The rest is already consigned to the history books, an impressive run all the way to the semi-finals, including topping their group ahead of England and making it all the way to the semi-finals, where they finally came unstuck against eventual champions Portugal, led by Bale’s Real Madrid teammate Cristiano Ronaldo.
After becoming the first British side to reach the semi-finals of a European Championship since England did so in 1996, Wales’ FIFA ranking fluctuated to an all-time high of eighth, before levelling out at tenth. That was enough to see them enter qualifying for the 2018 World Cup in Russia as Number One seeds in their group, their adversaries set to be Austria, Serbia, Republic of Ireland, Moldova and Georgia, as Coleman’s side look to make more history and qualify for a World Cup tournament for the first time this century.
This qualifying campaign has already started in dream fashion, with a 4-0 win in Cardiff over group winners Moldova ahead of Friday’s key trip to Vienna to face Number Two seeds Austria, who despite topping their qualification group for Euro 2016 with nine wins and a draw went on to bow out at the group stages in France. The fire has already been stoked ahead of the match at Austria’s Ernst Happel Stadium, manager Marcel Koller having dismissed Wales as “lucky” to have got as far as they did in the European Championships.
Coleman refused however to be drawn in, claiming his team handled the pressure better than bigger sides simply because they were a “good team”. By all accounts, the Welsh did end up in a more favourable knockout bracket on paper, but still had to produce to get beyond a stubborn Northern Ireland team, before showcasing some of their best football of the tournament to see of Belgium again in a 3-1 quarter-final triumph. But now it is all history, and if Wales are to continue to dine at world football’s top table, moments like this need to become a regularity rather than preciously spare.
Opponents Austria are ranked 16 places below Coleman in 26th, and opened their group campaign with a 2-1 victory in Tbilisi over Georgia. They sit below Wales therefore only on goal difference, and after a disappointing Euro 2016 where they only picked up two draws and a defeat, Koller’s men will go into the Vienna clash with an obvious point to prove.
The last meeting between the teams was back in 2013, where Gareth Bale scored one goal and assisted another for Sam Vokes as Wales ran out 2-1 winners in a friendly at Swansea City’s Liberty Stadium. The Real Madrid forward, formerly of Southampton and Tottenham, now has 24 goals in 62 appearances for his country, and Austria will be sure to keep tabs on Wales’ talisman in Vienna, who is four goals away from equalling Ian Rush’s record as the country’s record goalscorer.
Bale has already proven the difference so often in a Wales shirt.
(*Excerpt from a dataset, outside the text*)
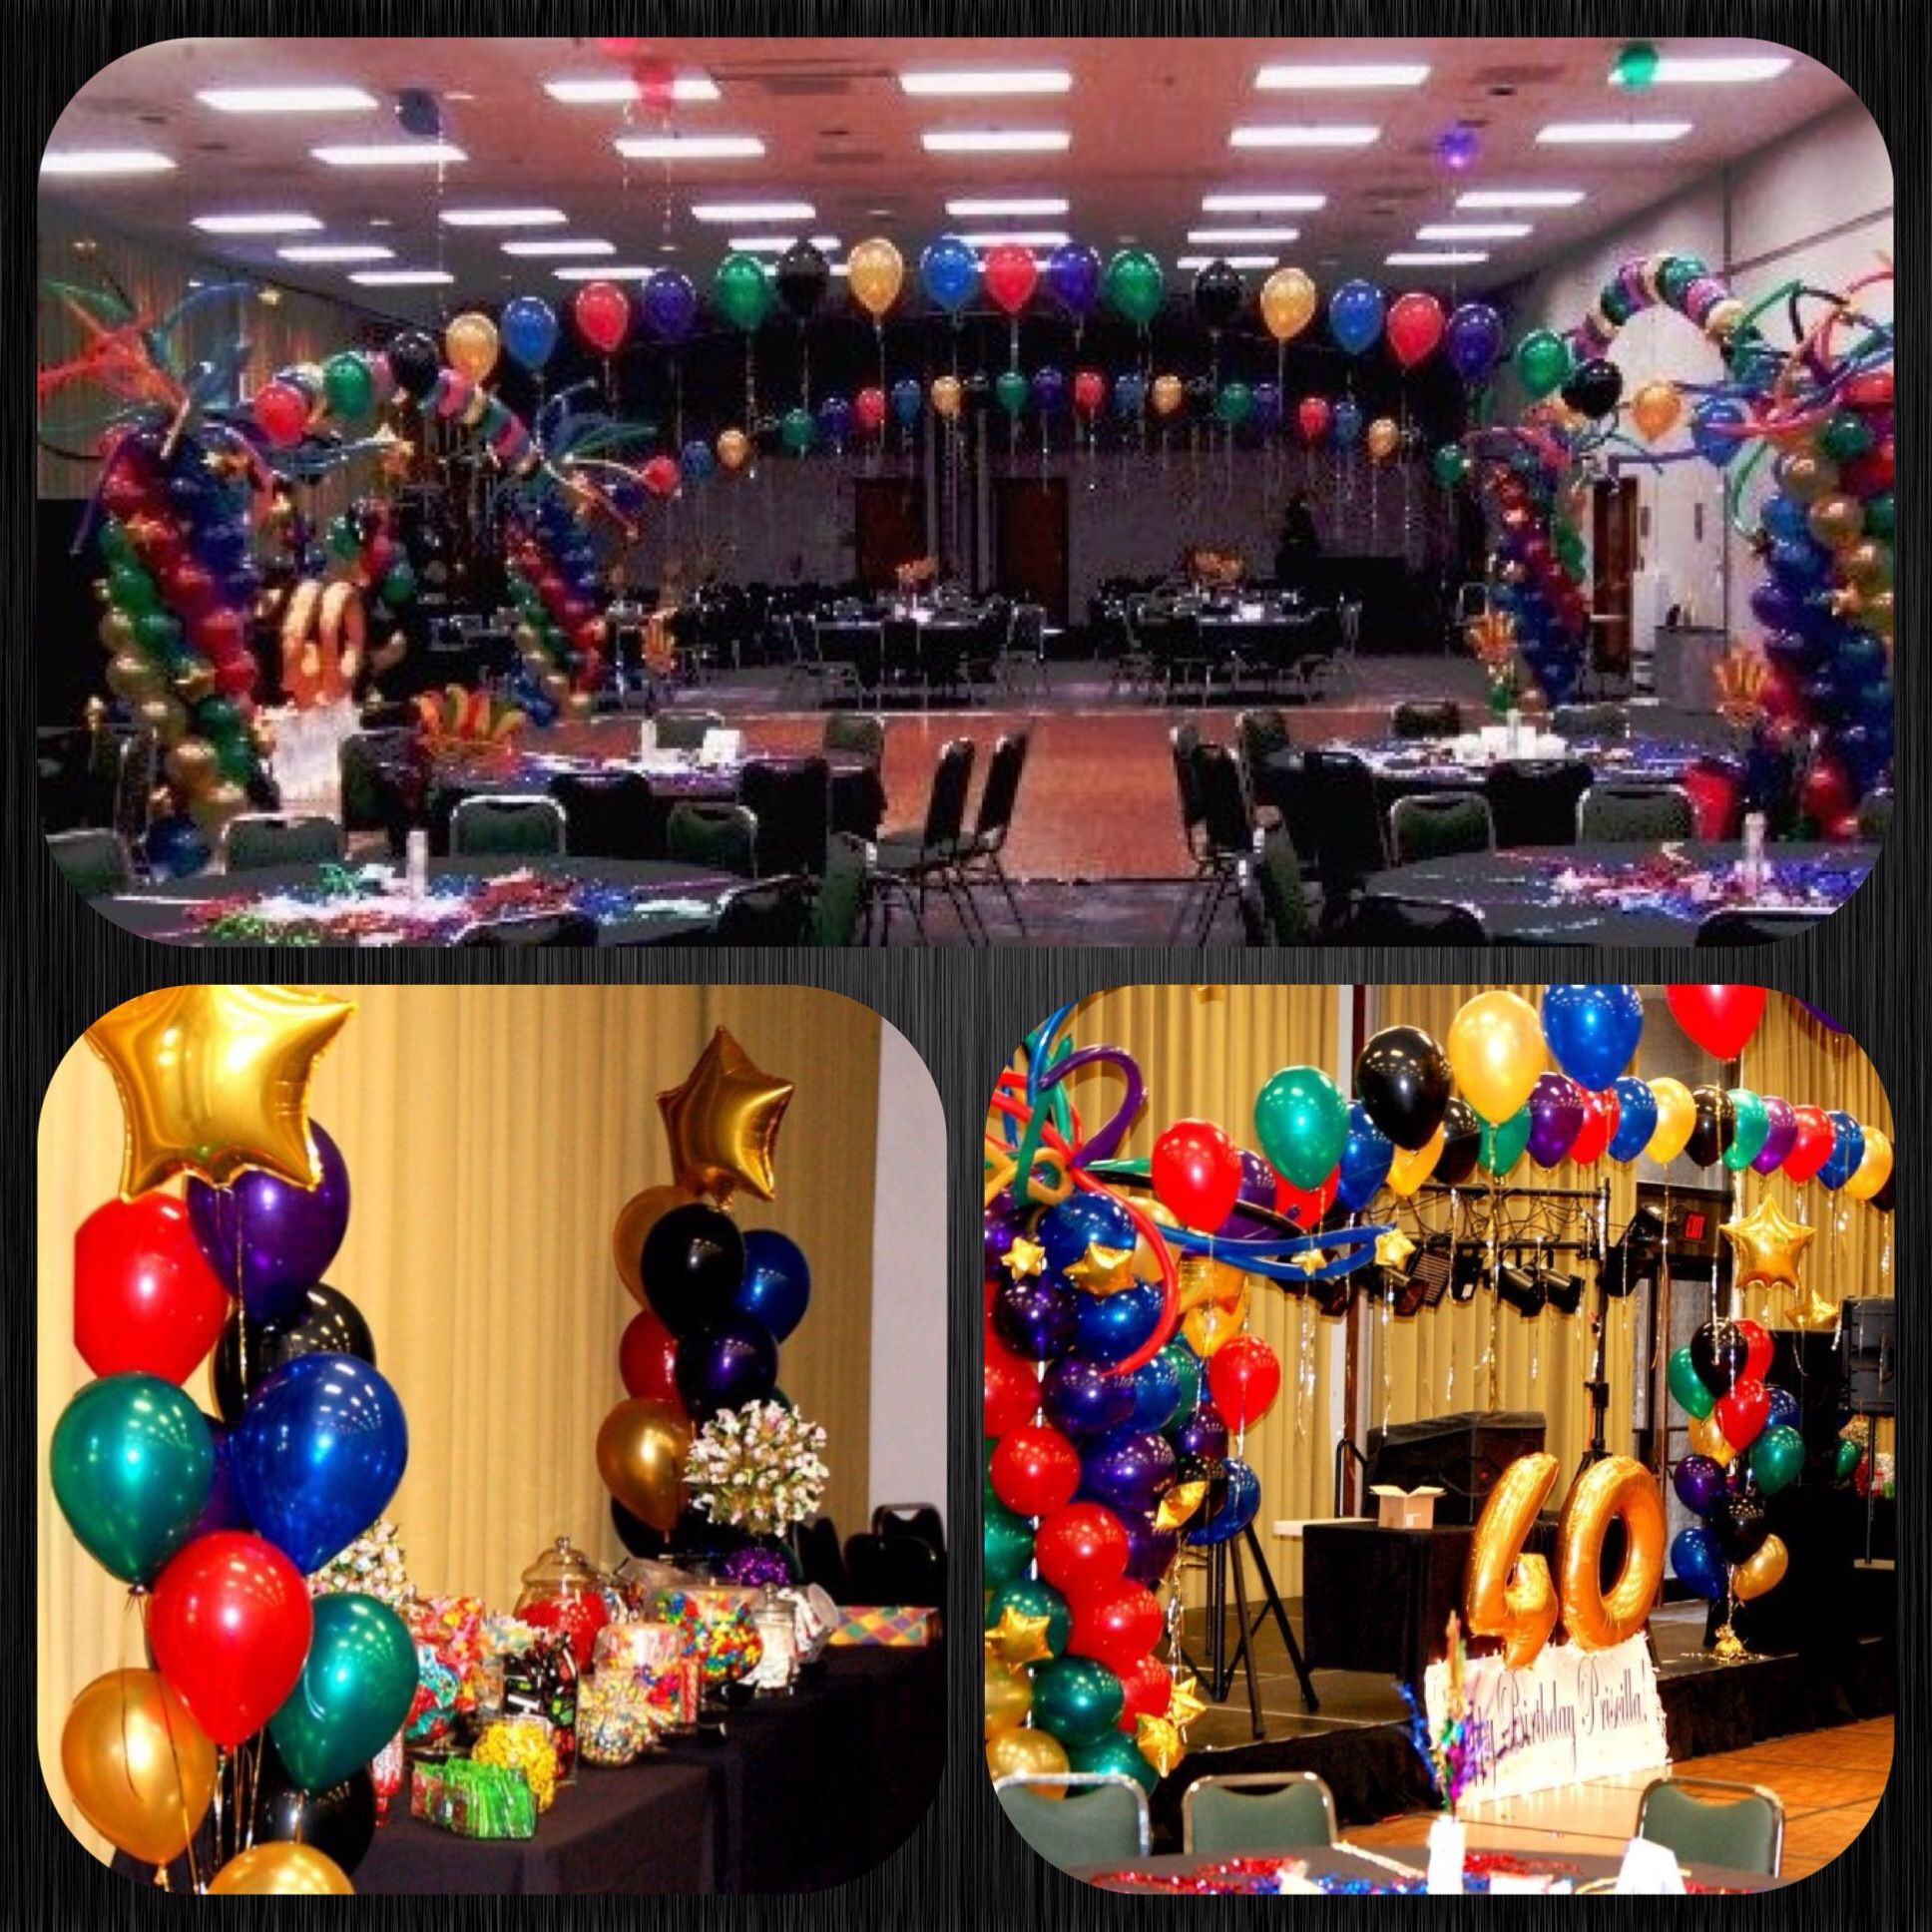 Best ideas about 40th Birthday Decoration Ideas
. Save or Pin 40th Birthday Decor Party Ideas Now.

He had netted key strikes in qualifying for Euro 2016 against Andorra and Belgium, followed by direct free-kicks against Slovakia and England in France to name merely a few, and already off the mark this campaign against the Moldovans, Koller and his team recognise he can win games on his own, and will be determined not to give him the freedom of the Ernst Happel Stadium pitch as they themselves seek to overhaul Coleman’s Wales and go top of the group.
The ramifications are of course very different this campaign. Wales eventually finished runners-up in their qualification group for Euro 2016 and progressed automatically to France. On this occasion only the group winners go to Russia, with the runners-up entering a seeded playoff phase, so if Wales are to make it to back-to-back tournaments for the first time in their history, topping their group would be the most straightforward way to do it.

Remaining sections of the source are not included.